Presumably, the Bush-Cheney
Administration did not ask for the outright repeal of FISA
because it knew that it would be politically unacceptable. But
Section 8 amounts to the same thing. The point of FISA is to
set requirements and create procedures for the Government to
obtain warrants, in peacetime and in wartime, sometimes before
and sometimes after the fact, for foreign intelligence
surveillance activities in the United States. If you say, as
Section 8 does, that the President can engage in those
activities without obtaining a warrant at all, then you render
FISA meaningless and mock the whole idea of the rule of law.

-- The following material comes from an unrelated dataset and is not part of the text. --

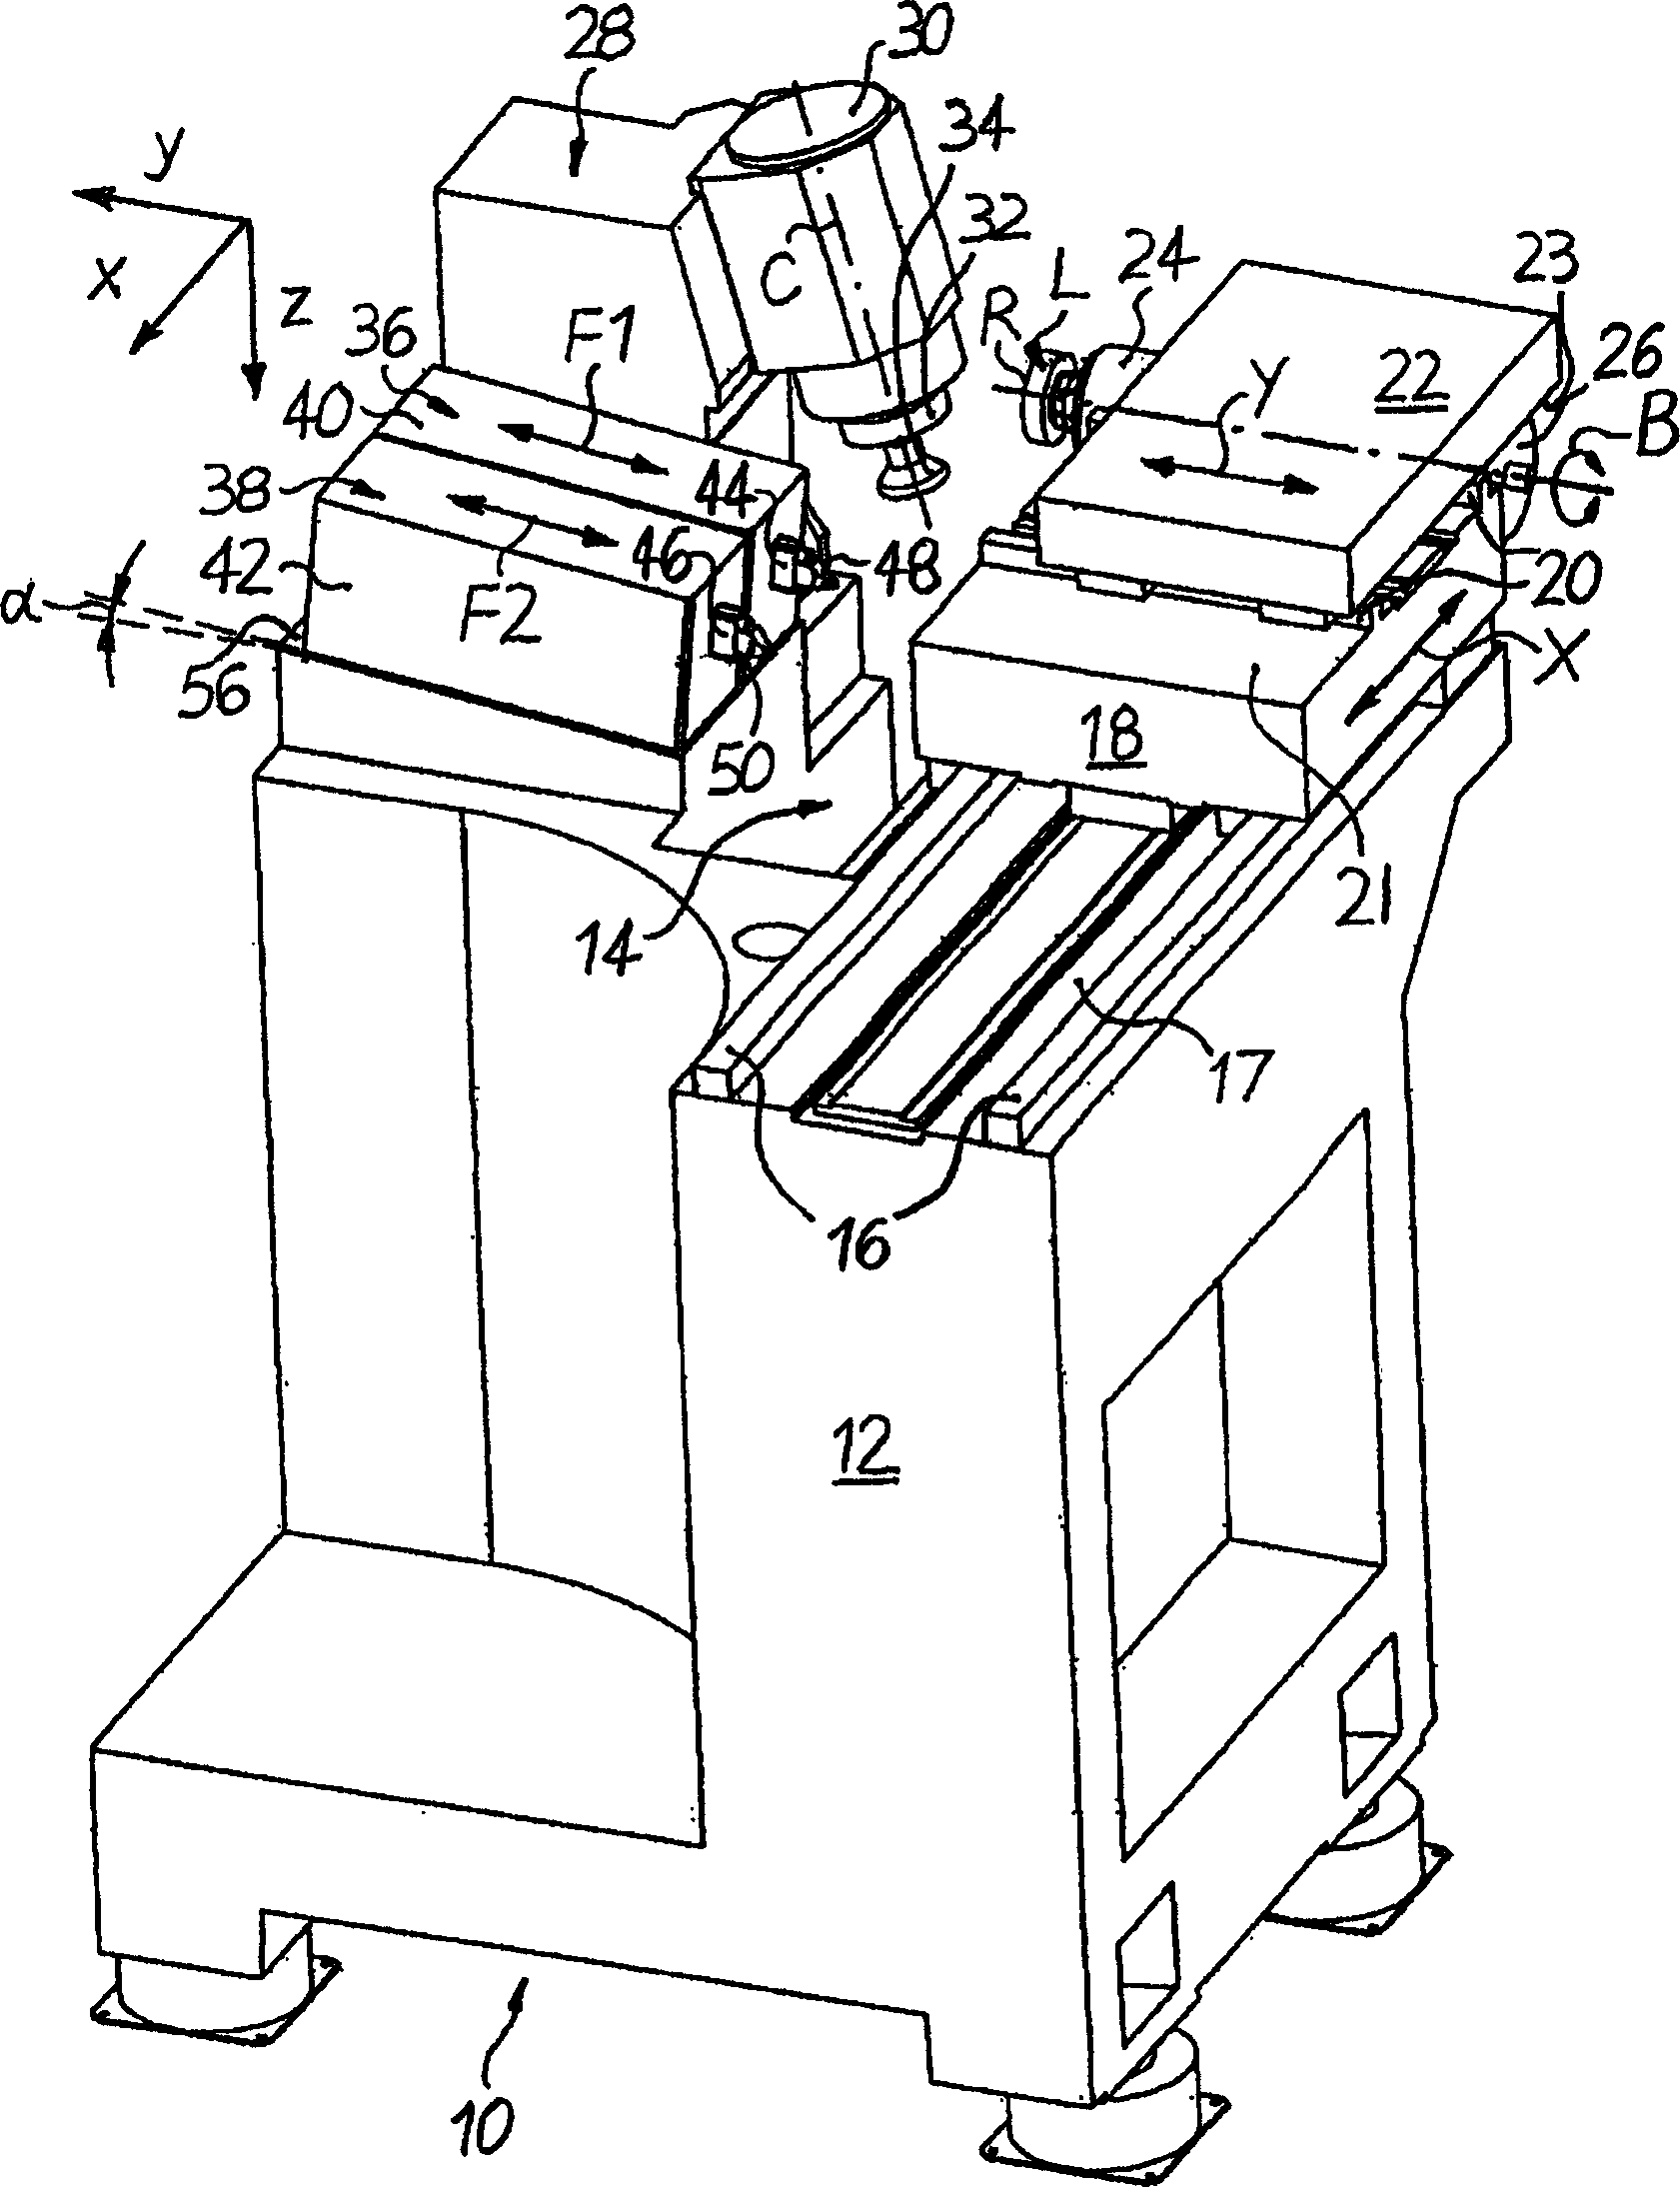 Machine for grinding optical workpieces, in particular plastic eyeglass lenses

If we want to have a debate about
repealing FISA, let’s have that debate. I know where I stand:
Always ready to fine-tune the law, but firmly opposed to
repealing a law that has been understood as an essential defense
of American’s liberties and an essential check on Government
abuse for decades. If we want to resolve the validity of the
President’s claim that FISA is unconstitutional – because that
is what his inflated conception of “inherent powers” amounts to
– let’s go ahead with the judicial review proceedings that the
President should have allowed to proceed five years ago and get
the Supreme Court to address the issue. But let’s not repeal
FISA under the guise of a supposedly technical amendment without
a candid and open discussion.
Sections 4 through 6 of the bill
raise yet more serious concerns. They would abandon the
traditional, case-by-case review contemplated by FISA and
introduce the notion of “program warrants.” A single FISA court
judge could approve whole programs of electronic surveillance –
if the government bothered to seek the Court’s approval, which
is not mandatory under this version of the bill.
I know of no judicial authority
for program warrants and have grave doubts about the
constitutionality of these provisions. In effect, the bill
would punt fundamental policy questions about the appropriate
scope and limits of electronic surveillance to an unelected and
secret court. Sections 4 through 6 say, in effect, that
“anything that’s okay with the FISA court is okay with us.”

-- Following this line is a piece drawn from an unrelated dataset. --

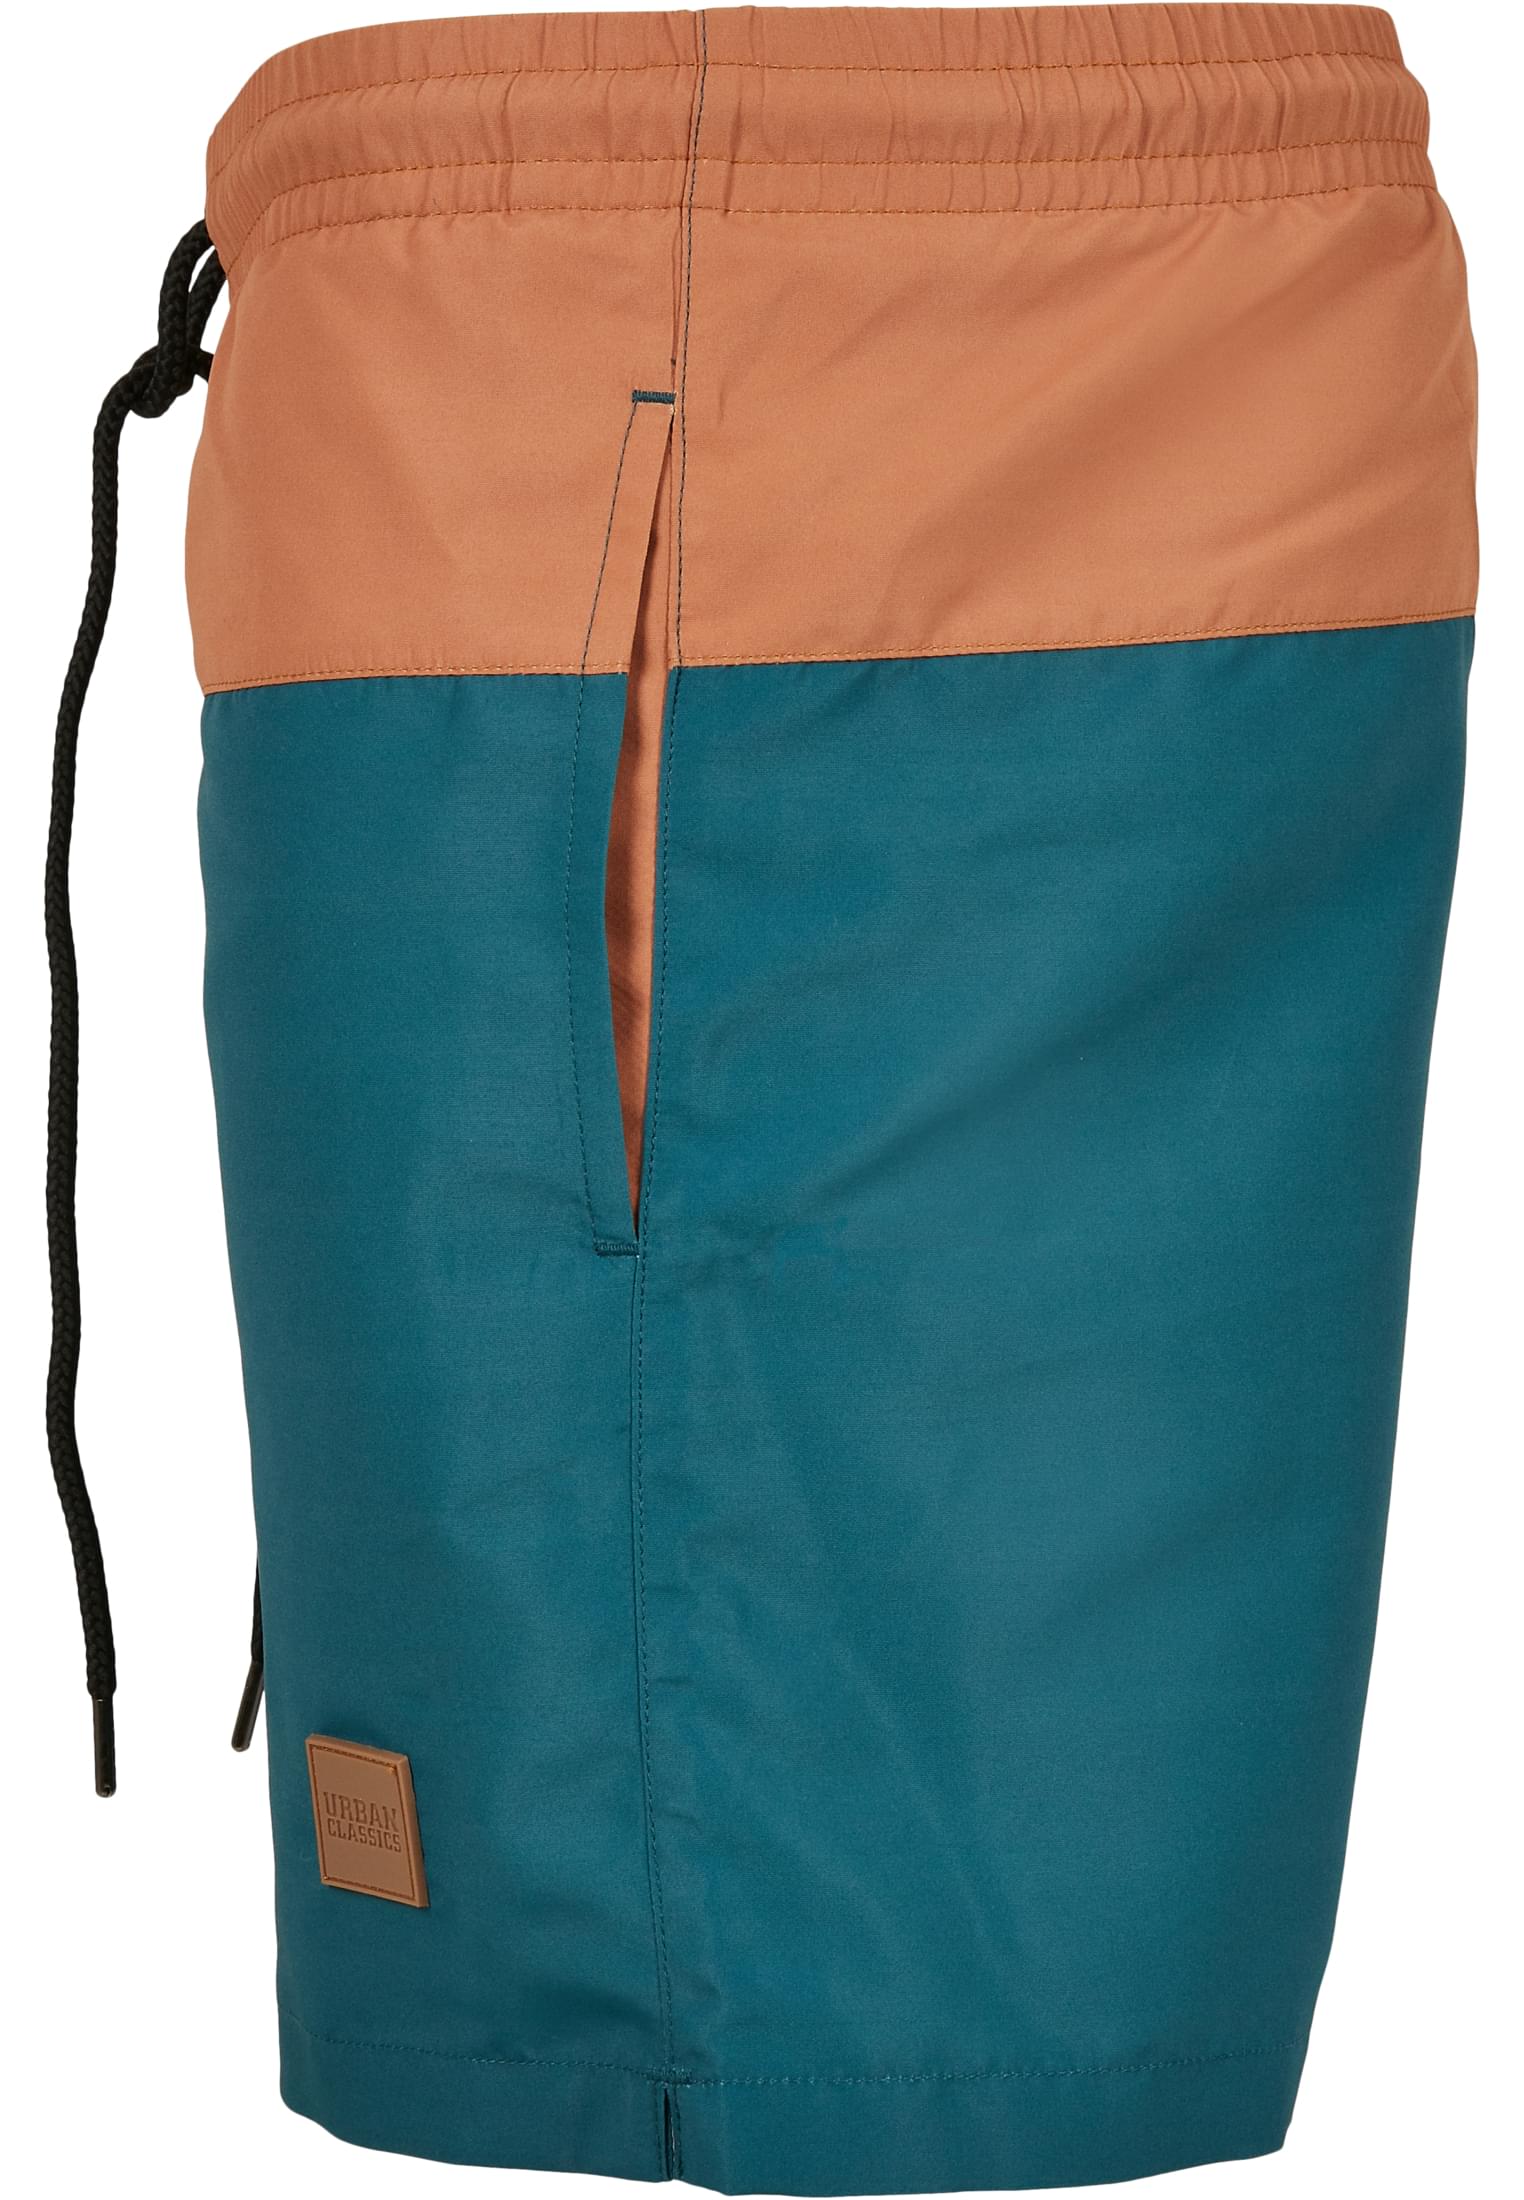 Plus Size Block Swim Shorts in Farbe teal/toffee

That impression is reinforced by a
further, troubling proposed change in the standard that the FISA
court judge is to apply in issuing warrants. The traditional
standard that is written into the FISA statute is the same as
the constitutional standard under the Fourth Amendment:
“probable cause.” And that is the standard the Administration
purports to apply now. Why, then, would the bill change the
standard? Under the bill, the court need only find that a
program is “reasonably designed” to ensure that the
communications to be intercepted involve someone who is
“reasonably believed to have communication with or be associated
with” a suspected terrorist. That standard could allow for
expansive surveillance of innocent Americans who have been in
inadvertent contact with legitimate targets of surveillance.

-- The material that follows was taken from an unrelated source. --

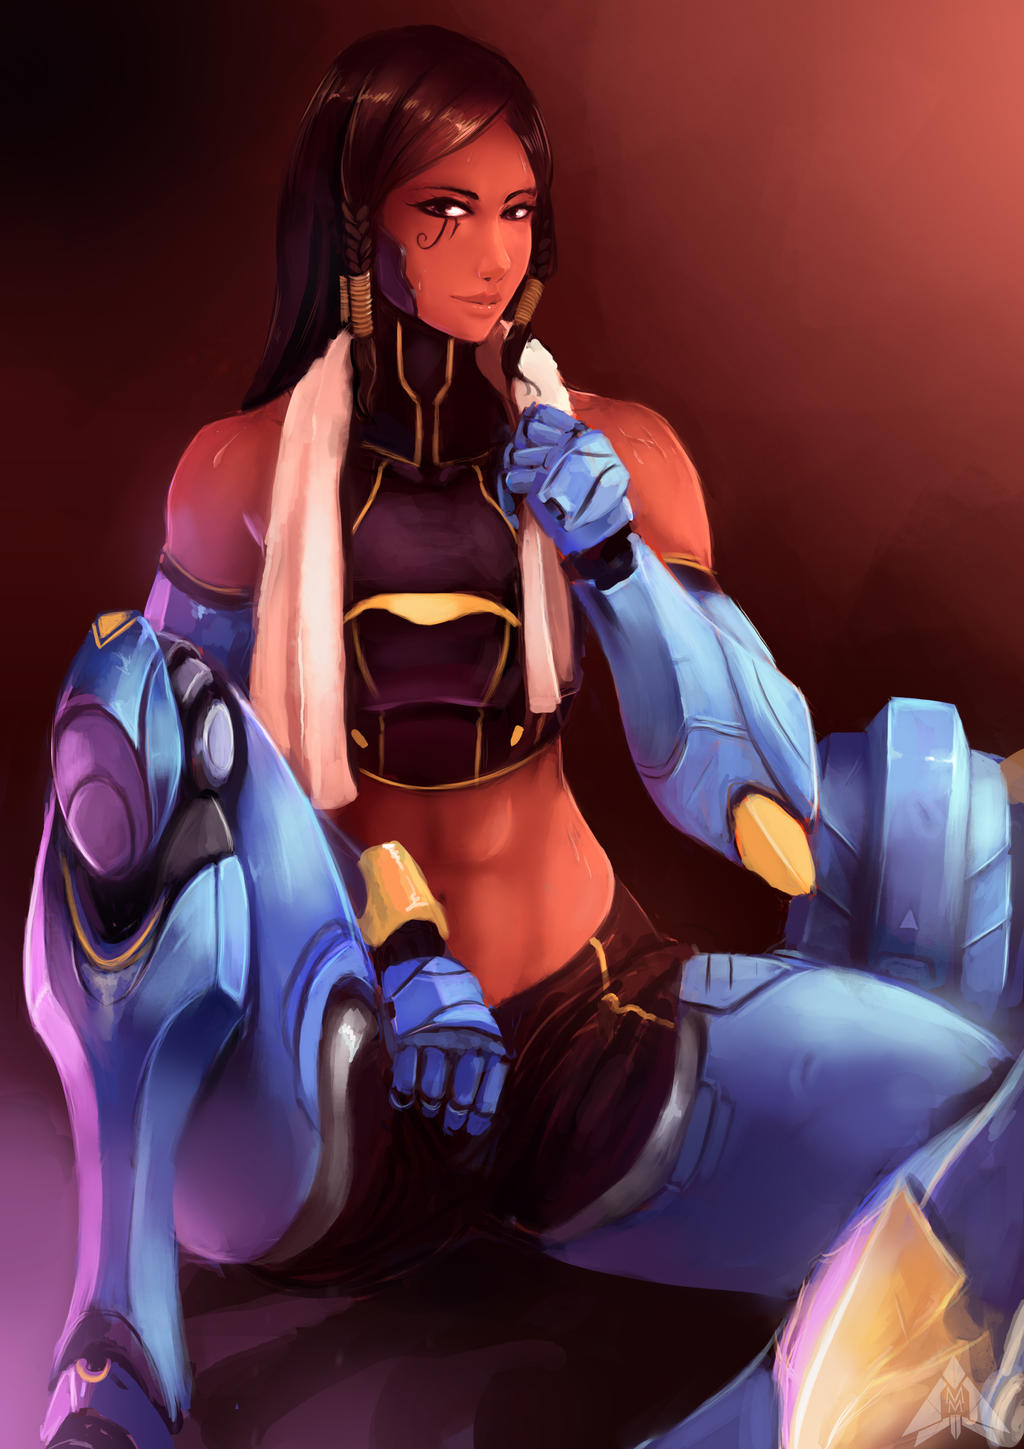 Pharah taking a breather

Combined, these provisions would
replace the traditional model for issuance of warrants – a judge
making a fact-based determination as to probable cause in an
individual case -- with a fundamentally different model, under
which judges would make what are essentially policy decisions
about the “reasonableness” of entire government programs. This
would, perhaps, make a fitting ending for the 109th
Congress. This Republican Congress has consistently been supine
in all matters of Government accountability. With these
provisions, it could formally abdicate its democratic
responsibilities to a single, unelected judge. But that
abdication would be wrong. Congress should be setting the rules
here, not a single district judge on the secret FISA court.
There is another problem with the
program warrant provisions in the current bill. The bill would
allow the FISA court to issue program warrants for purely
domestic communications. But the Administration has stated that
such communications are not part of its program. And the
Attorney General has said that FISA works fine for
domestic-to-domestic wiretaps. If it works fine, there is no
reason to change it, unless the Administration has some hidden
agenda that it is keeping from Congress and the American people.
As for the purported upside of the
bill for Government accountability, I fear it is illusory. The
President has promised Chairman Specter that, if we pass the
bill without changes, he will seek the Court’s approval for the
one secret spying program he has publicly acknowledged. I
suppose that any concession to accountability from this
Administration is something, so I congratulate Senator Specter.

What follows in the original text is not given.